DATA BLOCK:
_ _ _ _ _ _ _

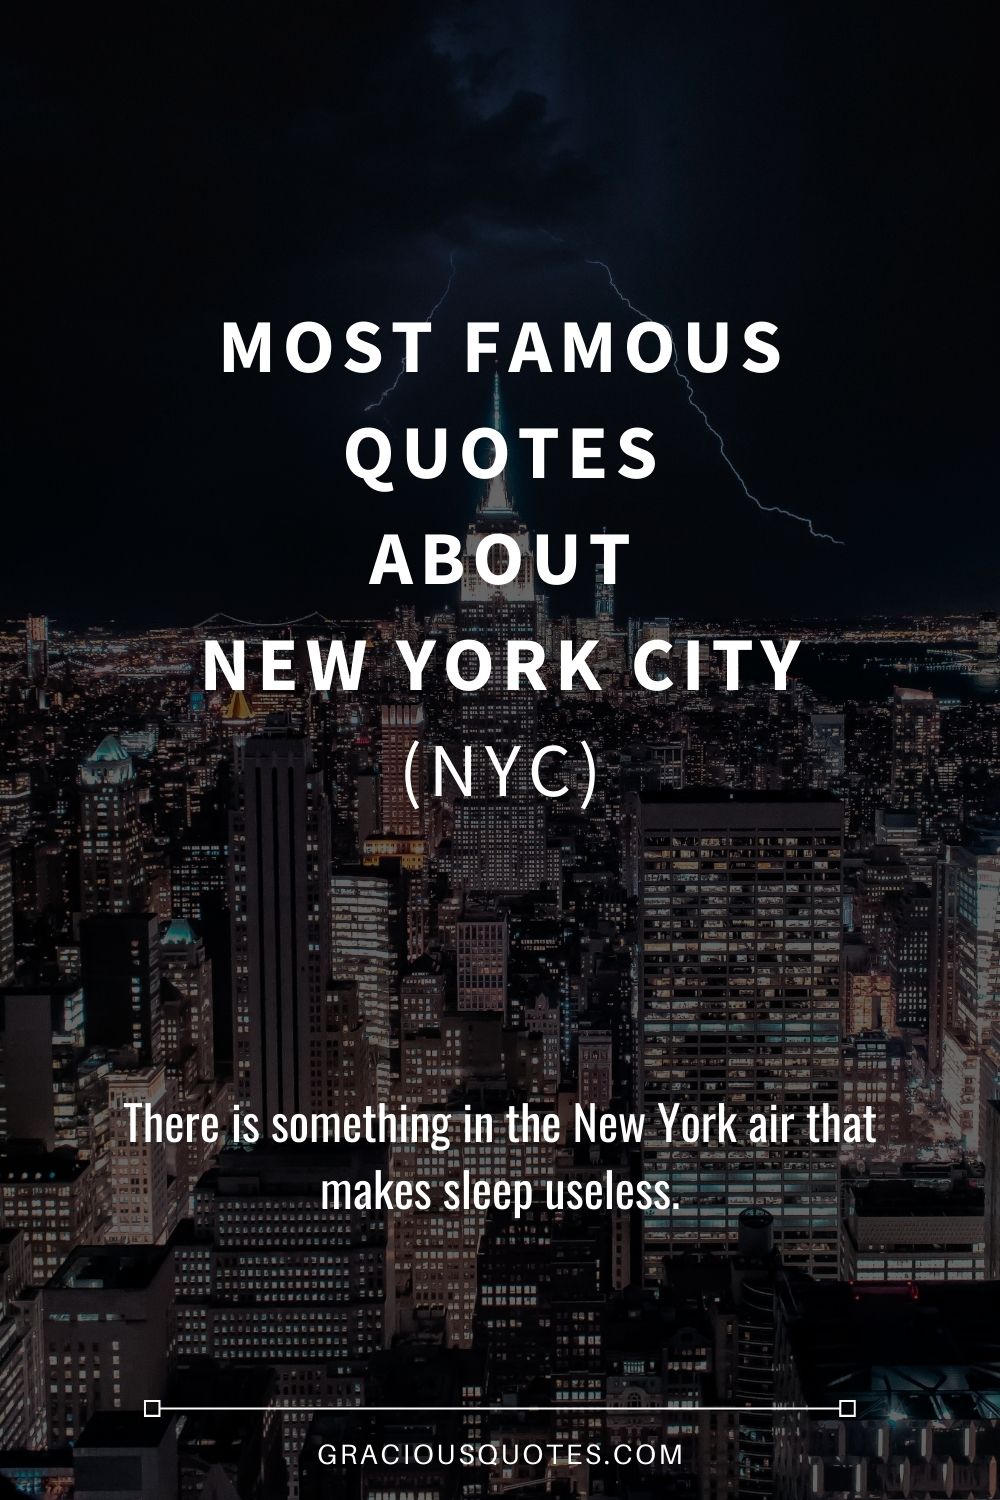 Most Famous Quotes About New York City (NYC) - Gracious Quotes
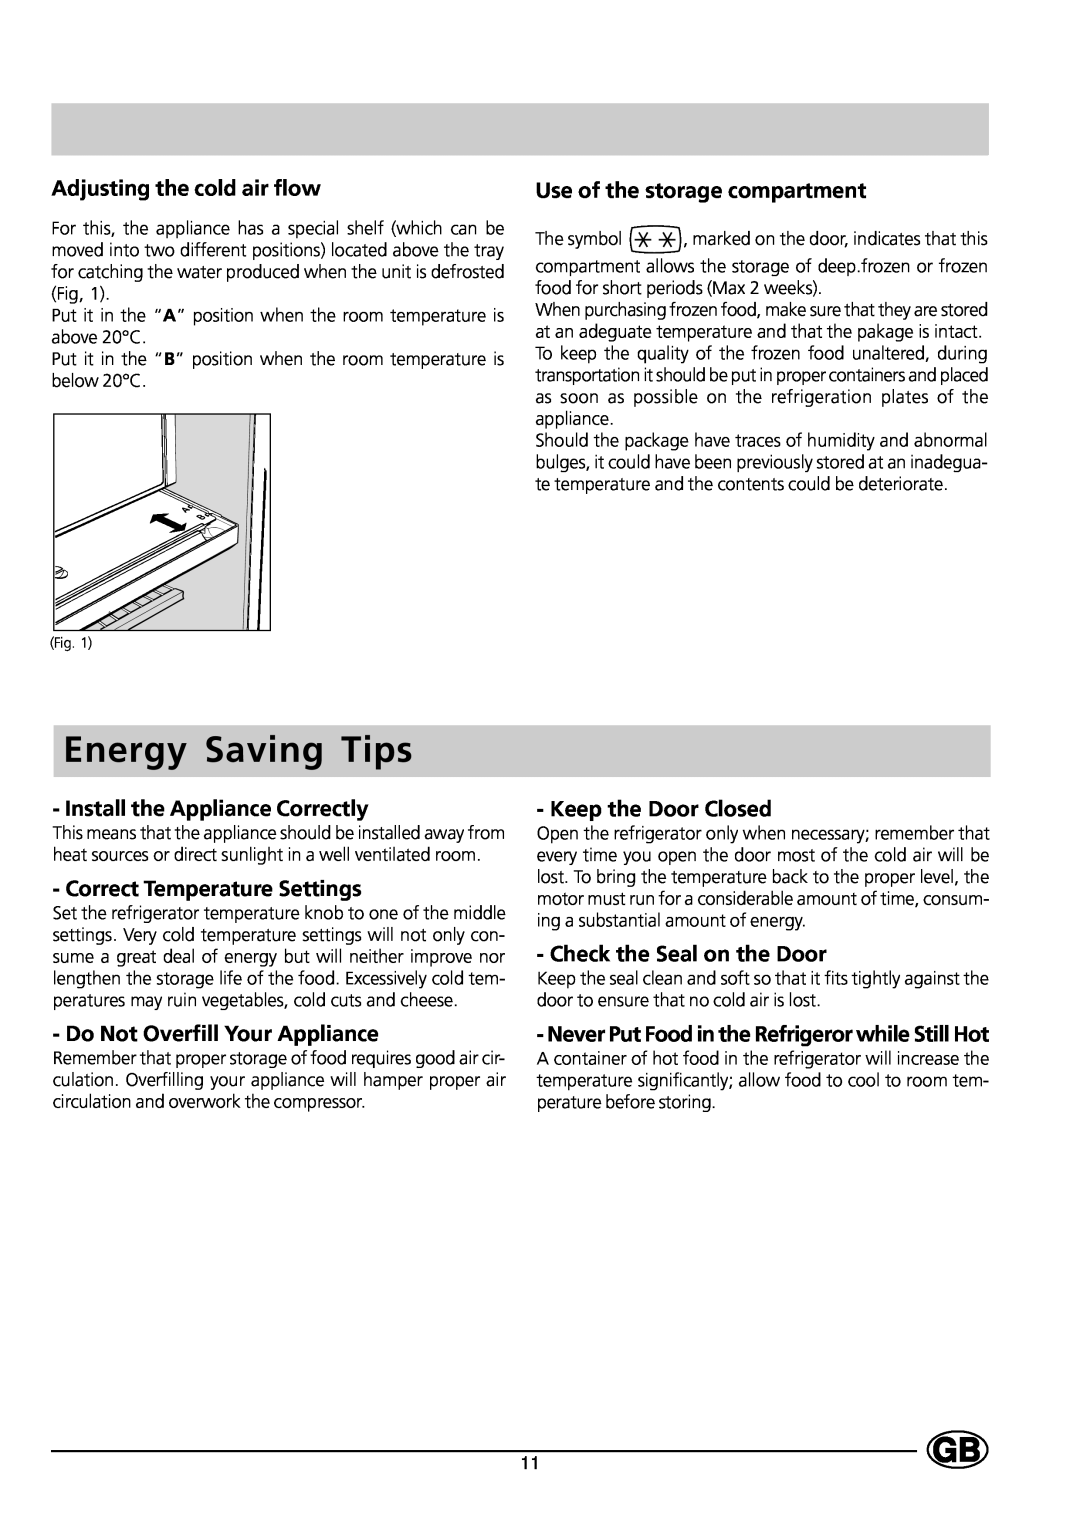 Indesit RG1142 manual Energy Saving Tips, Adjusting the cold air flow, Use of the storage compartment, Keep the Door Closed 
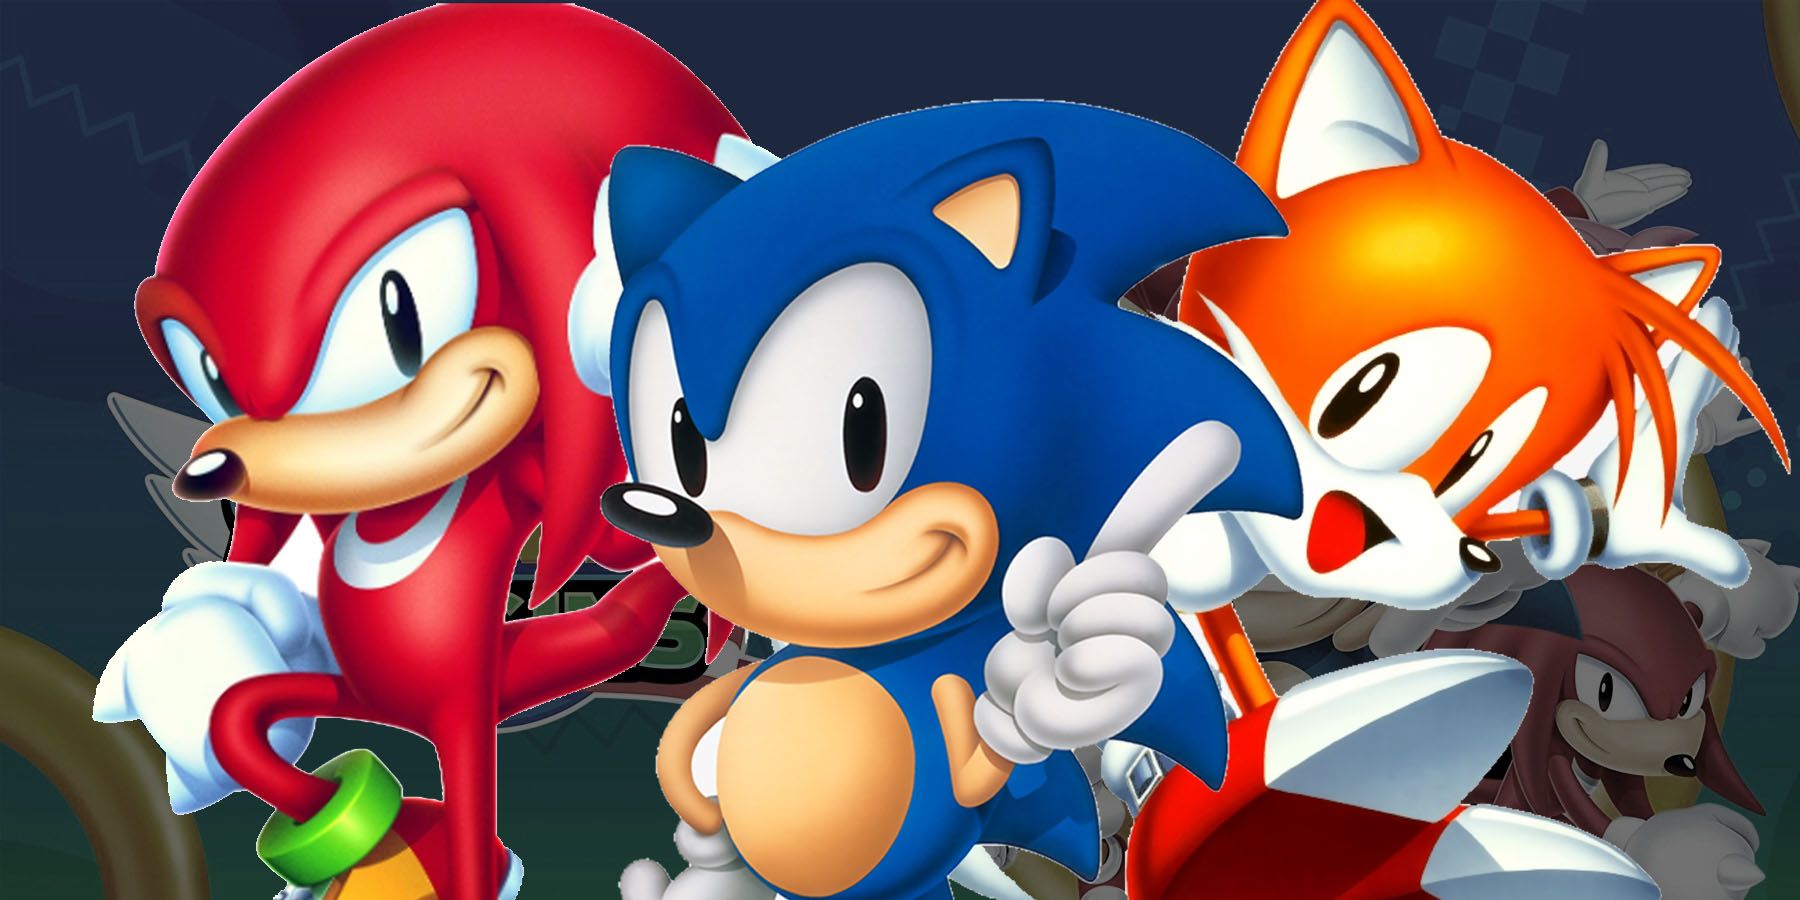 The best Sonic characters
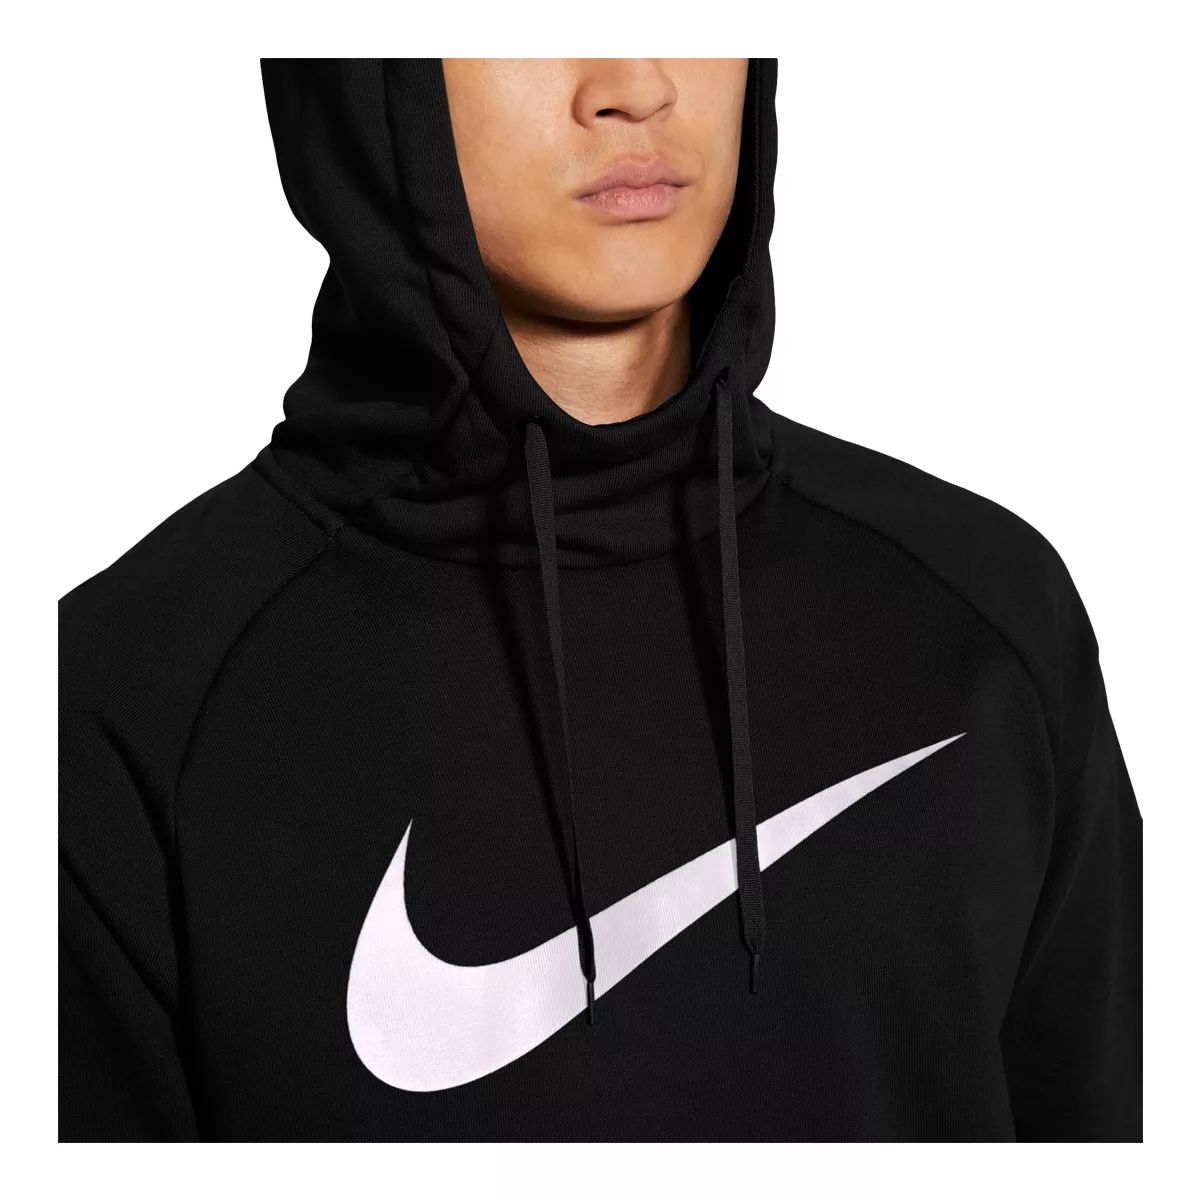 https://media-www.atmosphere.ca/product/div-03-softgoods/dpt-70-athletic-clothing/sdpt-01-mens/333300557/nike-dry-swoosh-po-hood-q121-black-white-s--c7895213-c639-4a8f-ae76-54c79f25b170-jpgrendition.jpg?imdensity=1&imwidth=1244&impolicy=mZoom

_ _ _ _ _ _ _

BRIEF:
Exactly as written, restate all of the data, leaving out the images.

WRITTEN SOLUTION:
 Most Famous Quotes About New York City (NYC) - Gracious Quotes
 Indesit RG1142 manual Energy Saving Tips, Adjusting the cold air flow, Use of the storage compartment, Keep the Door Closed 
 The best Sonic characters
 https://media-www.atmosphere.ca/product/div-03-softgoods/dpt-70-athletic-clothing/sdpt-01-mens/333300557/nike-dry-swoosh-po-hood-q121-black-white-s--c7895213-c639-4a8f-ae76-54c79f25b170-jpgrendition.jpg?imdensity=1&imwidth=1244&impolicy=mZoom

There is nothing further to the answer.